Would it be better painted? Had I have laid down in a life drawing
class and posted the pictures made by others, would that have been fine with them?
Is the issue that I did this for myself? Still in 2020, unable to understand
that women can enjoy their own sensuality as much as others. Is the problem
that I’ve taken that back? Complaint coming from the confusion that it might be
less satisfying to sexualise someone that doesn’t need your lacklustre compliment
when I praise myself higher each day. Does it all become less fun when I like
it? Part of the joy in sexualising women coming from the crawling skin of discomfort,
the shy ‘thank you’ to shoo the man away, does an ‘I know’ ruin that? Or is it my
label? Images like this blocked off as bad because I’m a daughter, a sister, a
future wife, an employee. If I was a model it would be fine, but simply a woman
is ungraspable, forcing you to sit in uncertainty. Would it have been okay with
a different caption? One less sure of myself and more self-conscious? Or one
screaming a statement in plain words, chanting my claim to my own skin, raising
an undeniable finger to the patriarchy to melt the male gaze in a pool of
politics?
With my own name attached and my own free will, a picture of
my own skin wasn’t appropriate. An image of my own skin is turned on my like a knife,
apparently threatening to slash up my skills, ruining my ability to do a job. I
wonder if they know that, shock horror, I wear it every day, always wearing
that same skin under my jeans, my hips, bum, boobs not accessories I can leave
at home for a more appropriate occasion. I am always that woman, whether I post
the picture or not. Look at me how you will, change your opinion, but I wake up
each day that same confident, sensual, intelligent, creative, skilled,
talented, empathetic, emotional, loving woman, in the same skin with the same
curves underneath it. I lie down on my bay window in a bodysuit, then I get up
and write, work, see friends, read, learn. I do both, I can be both, and I am
all of it. Your impressions of me are correct and yet limited, women always
stretch beyond the canvas. The topless Sappho poured out poetry, naked Eve birthed
the earth, the nymphs’ power shaped and tested the protagonist.

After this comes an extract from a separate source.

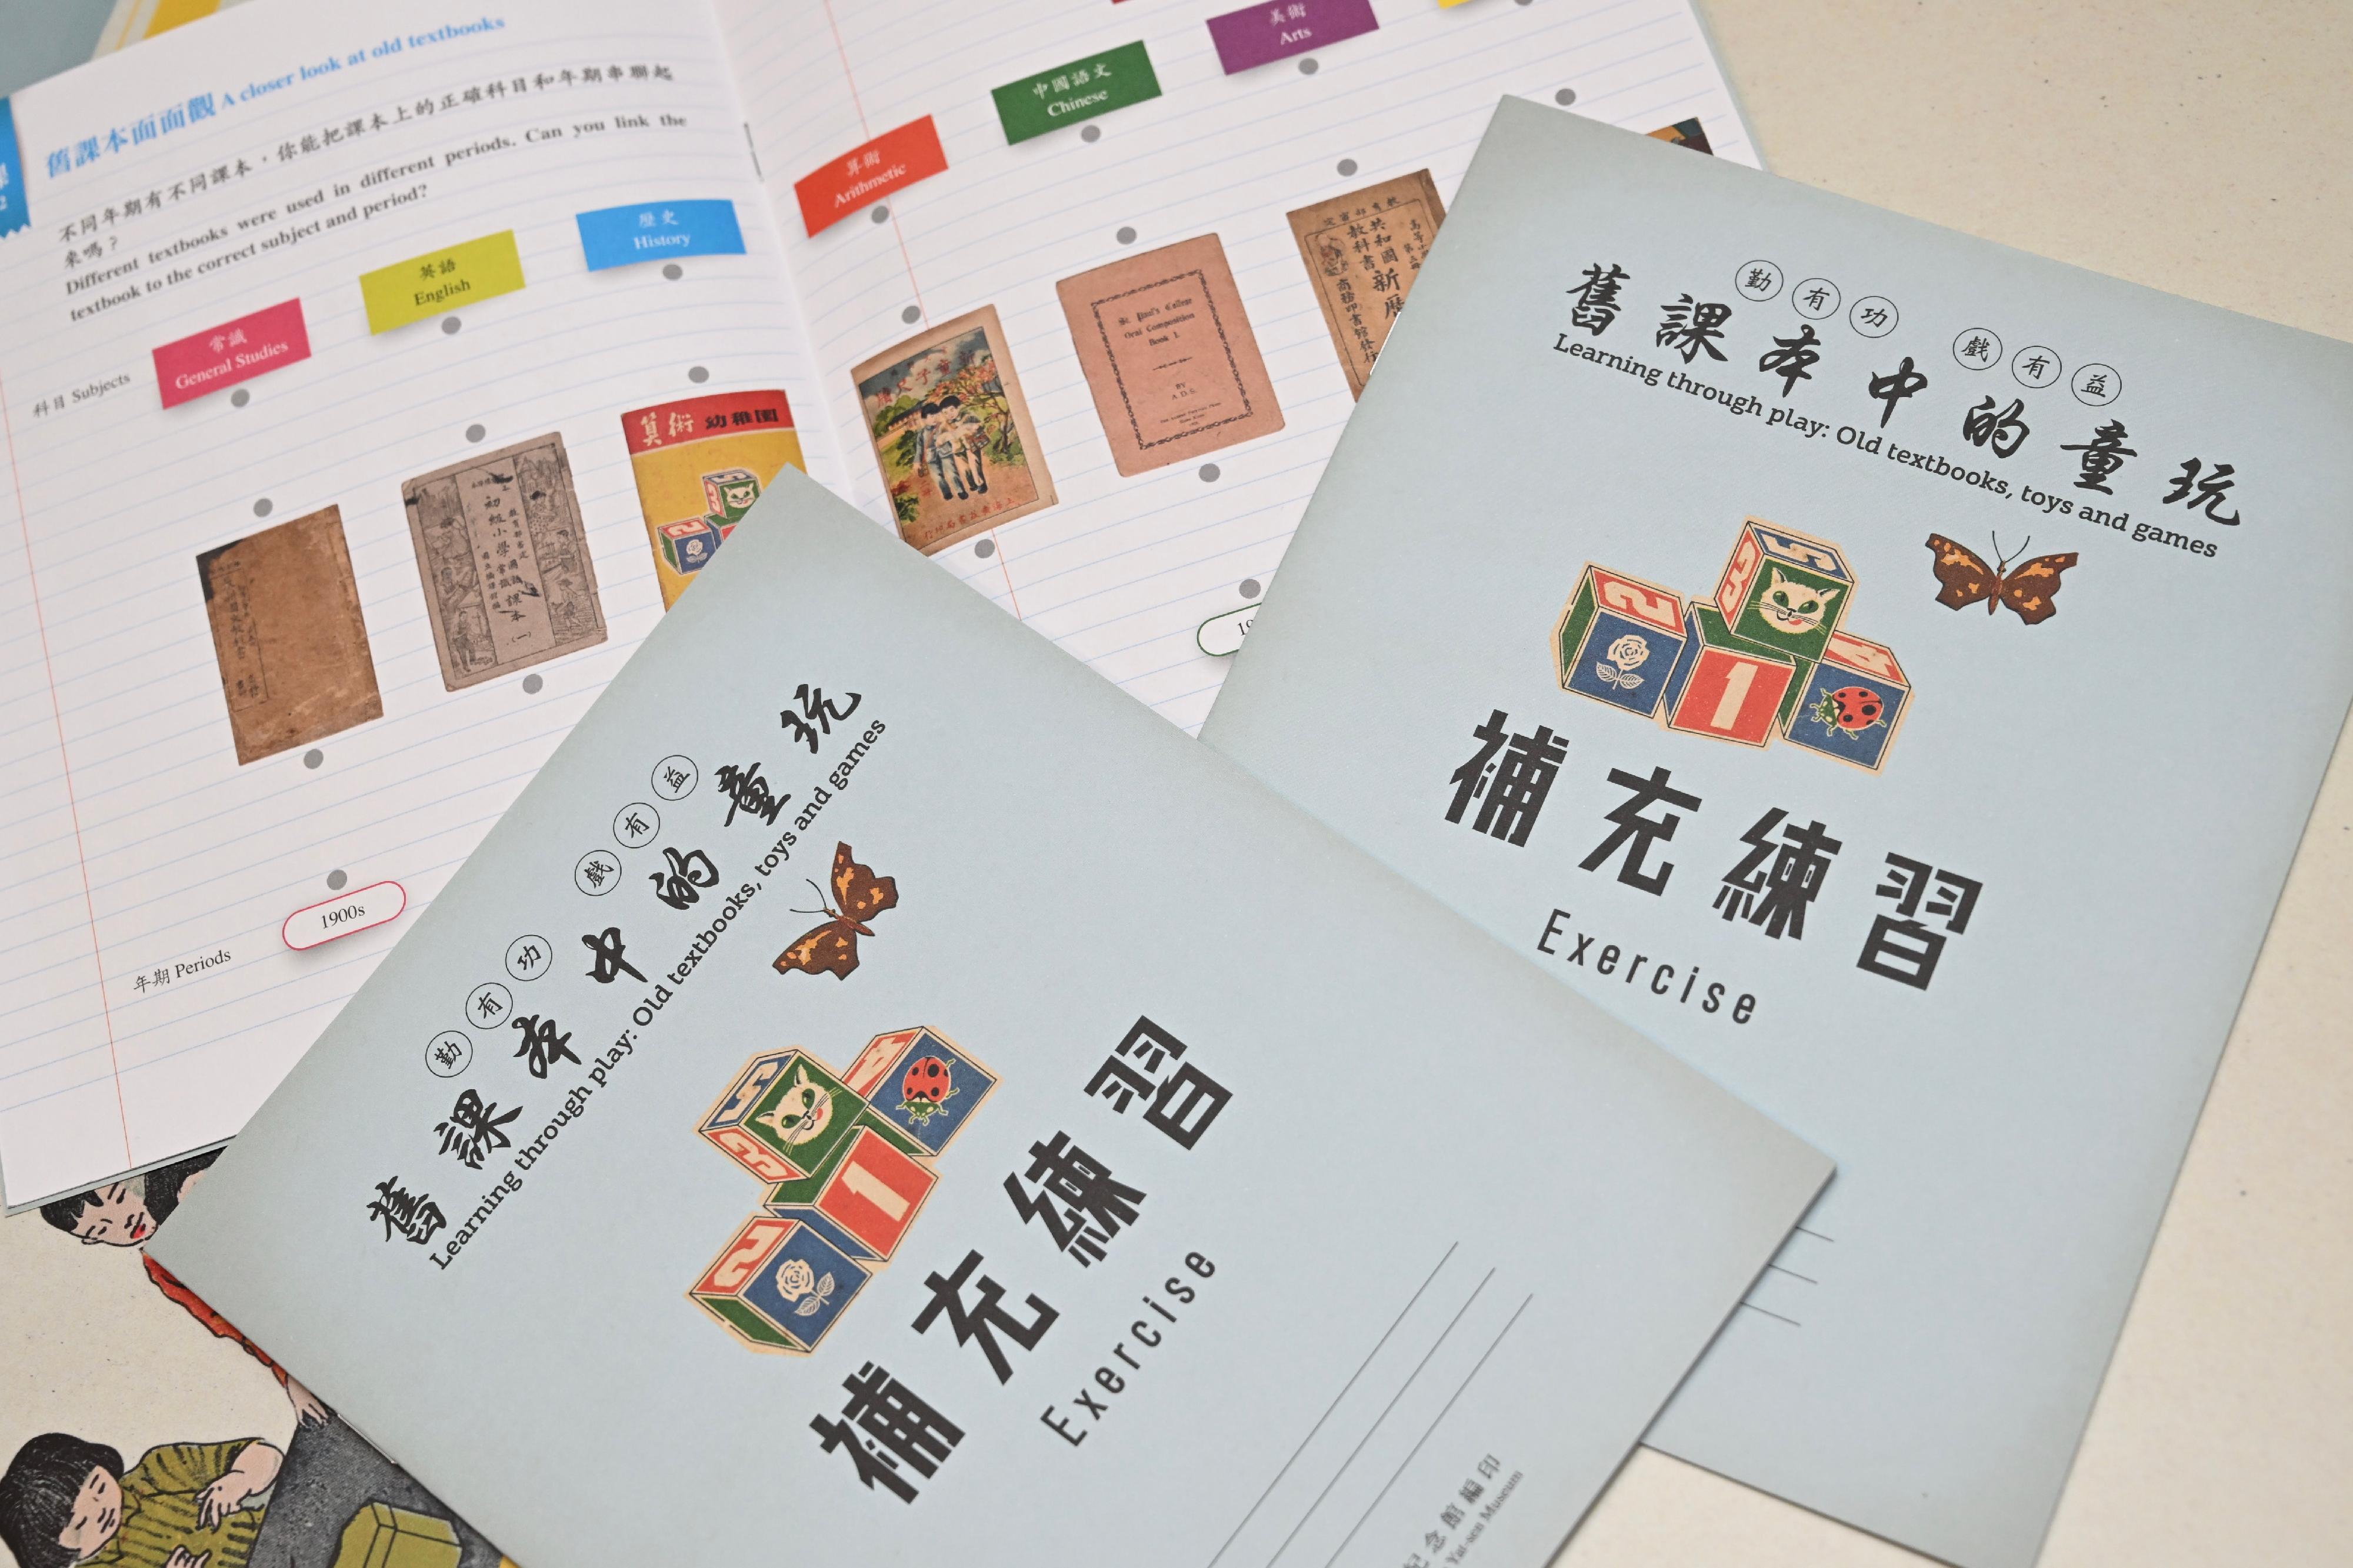 孙中山纪念馆明日（十二月二十二日）推出新专题展览「勤有功　戏有益：旧课本中的童玩」。图示展览内的教育小册子。

In the photo, I see more than them. My mum begs me to
consider the way people might view me, but why would I squint? From here I see
it all, sitting with myself forever and learning each nuance. From there, the
strangers see a couple of images a month, they see skin nestled in between a
collage of achievements and thoughts, and if they focus in on one and not the
other, their tunnel vision shouldn’t say anything about my public persona but
their attention span.
The day I deleted the picture I wanted to cry. Tired of the force-fed
shame, shaking with anger from the Chinese whispered opinions of strangers in
towns I no longer live in, my finger unwillingly archived my favourite image
that’s ever been taken of me, hiding an image that represented the best of my
confidence, the sun-shining peak of the uphill battle against body image issues,
the skill of my friend, the end product of our collective vision, the finale of
my reclamation to claw my sensuality back from the hands of grown men driving
past honking horns. So here, if my skin is so unacceptable, have my skill. If
that’s still not okay, pretend a man painted it.